◆ Data excerpt
↓

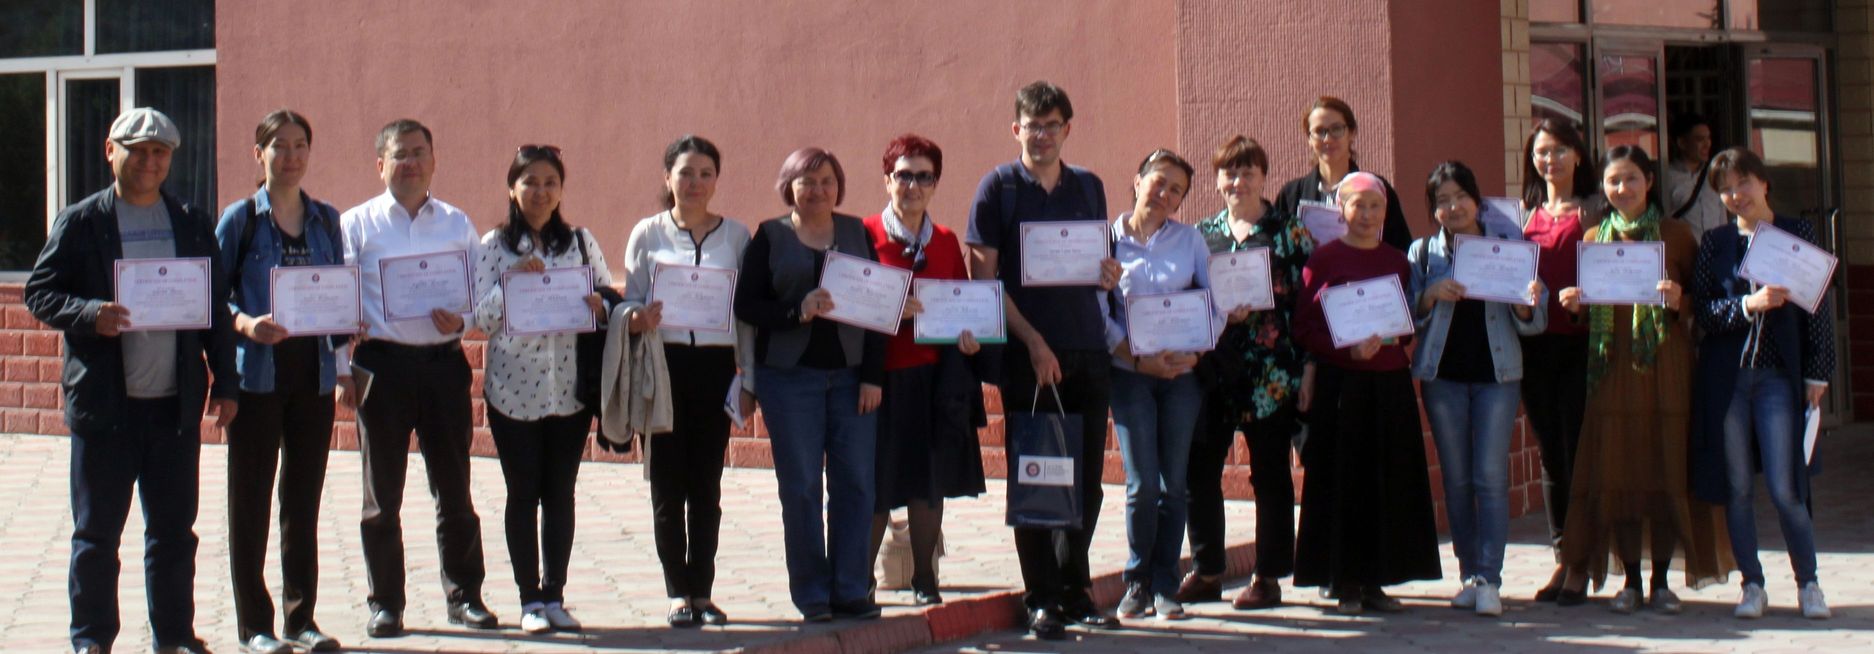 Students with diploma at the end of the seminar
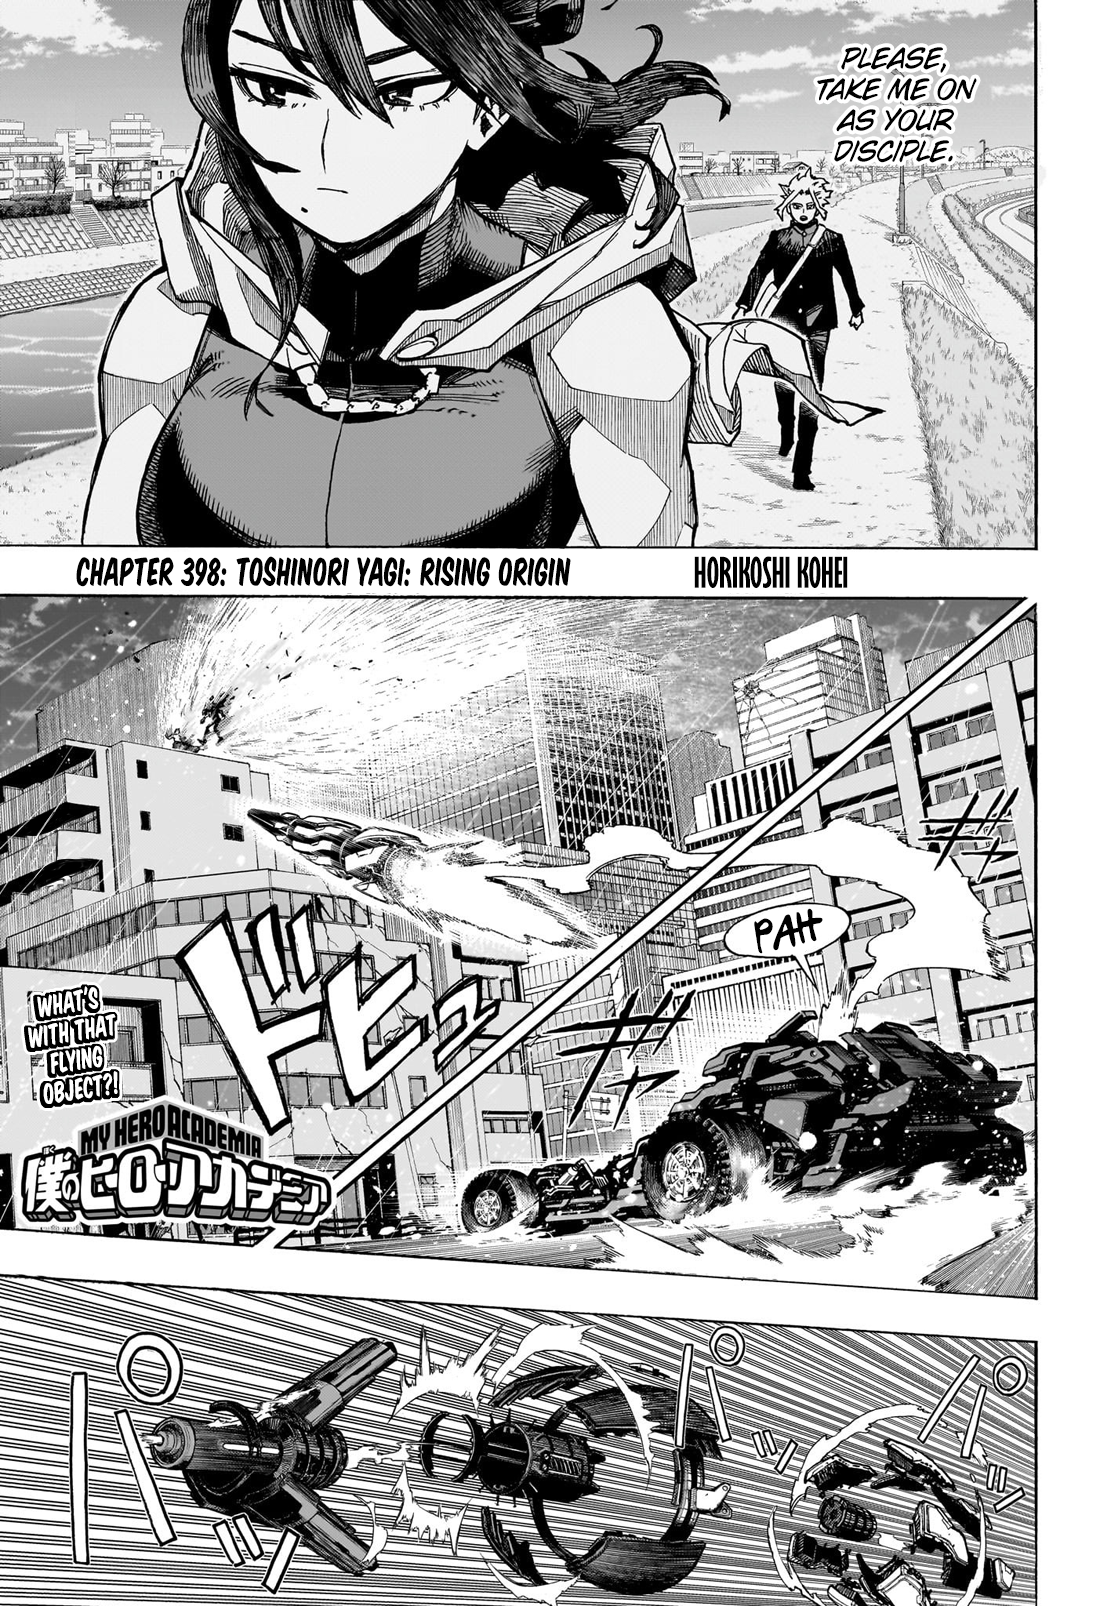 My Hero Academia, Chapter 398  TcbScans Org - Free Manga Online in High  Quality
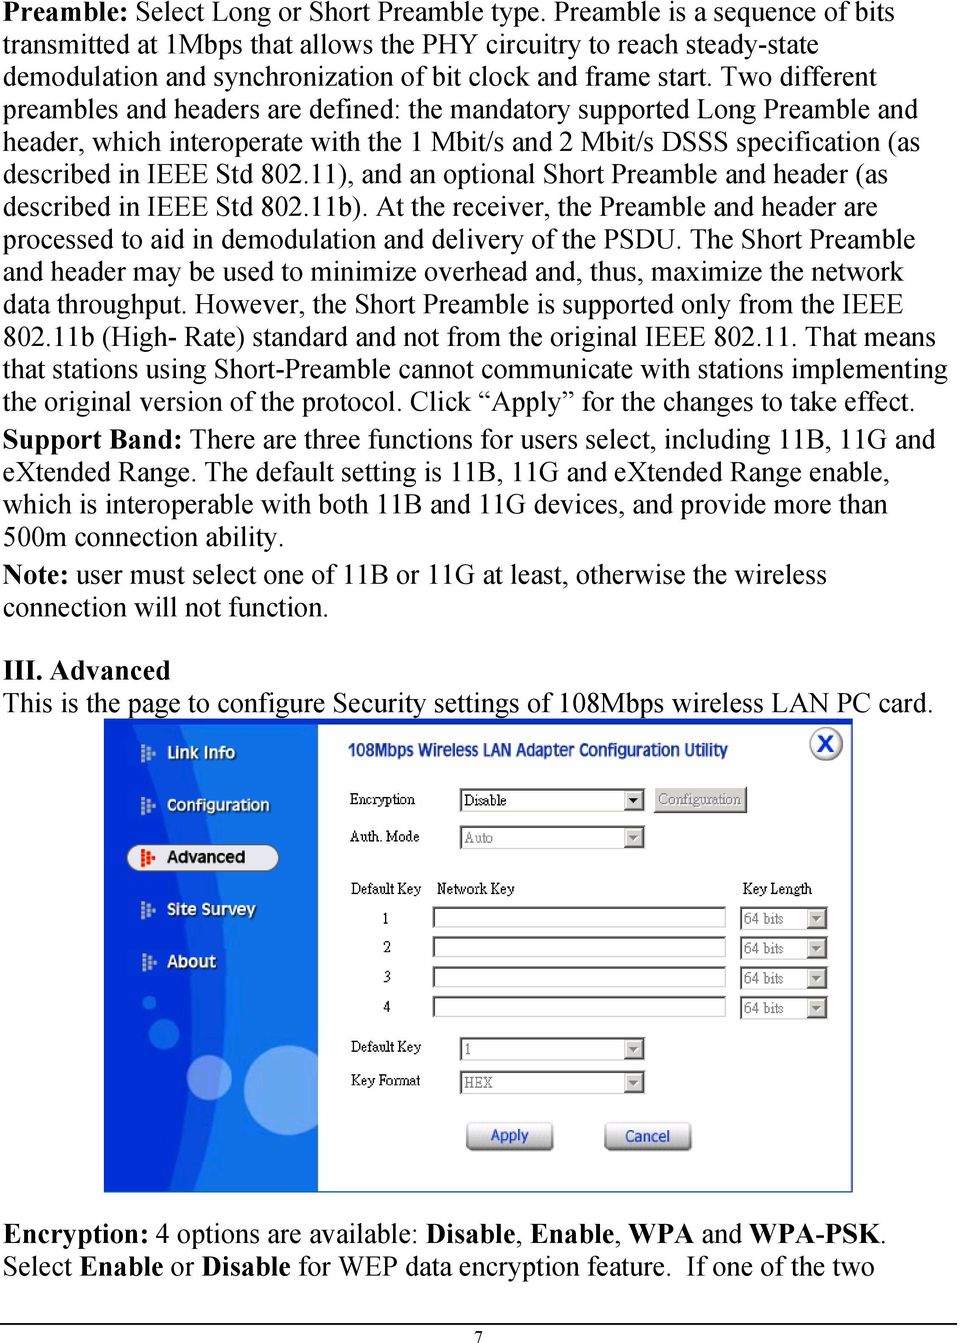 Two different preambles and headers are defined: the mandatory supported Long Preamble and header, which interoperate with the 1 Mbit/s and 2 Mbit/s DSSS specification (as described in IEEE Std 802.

↑

◆ Work order
Leave out the pictures, then reproduce exactly the run of lines from the one that contains "My Hero Academia, Chapter" to the final line of the listing above.

◆ Answer space
 My Hero Academia, Chapter 398  TcbScans Org - Free Manga Online in High  Quality
 Two different preambles and headers are defined: the mandatory supported Long Preamble and header, which interoperate with the 1 Mbit/s and 2 Mbit/s DSSS specification (as described in IEEE Std 802.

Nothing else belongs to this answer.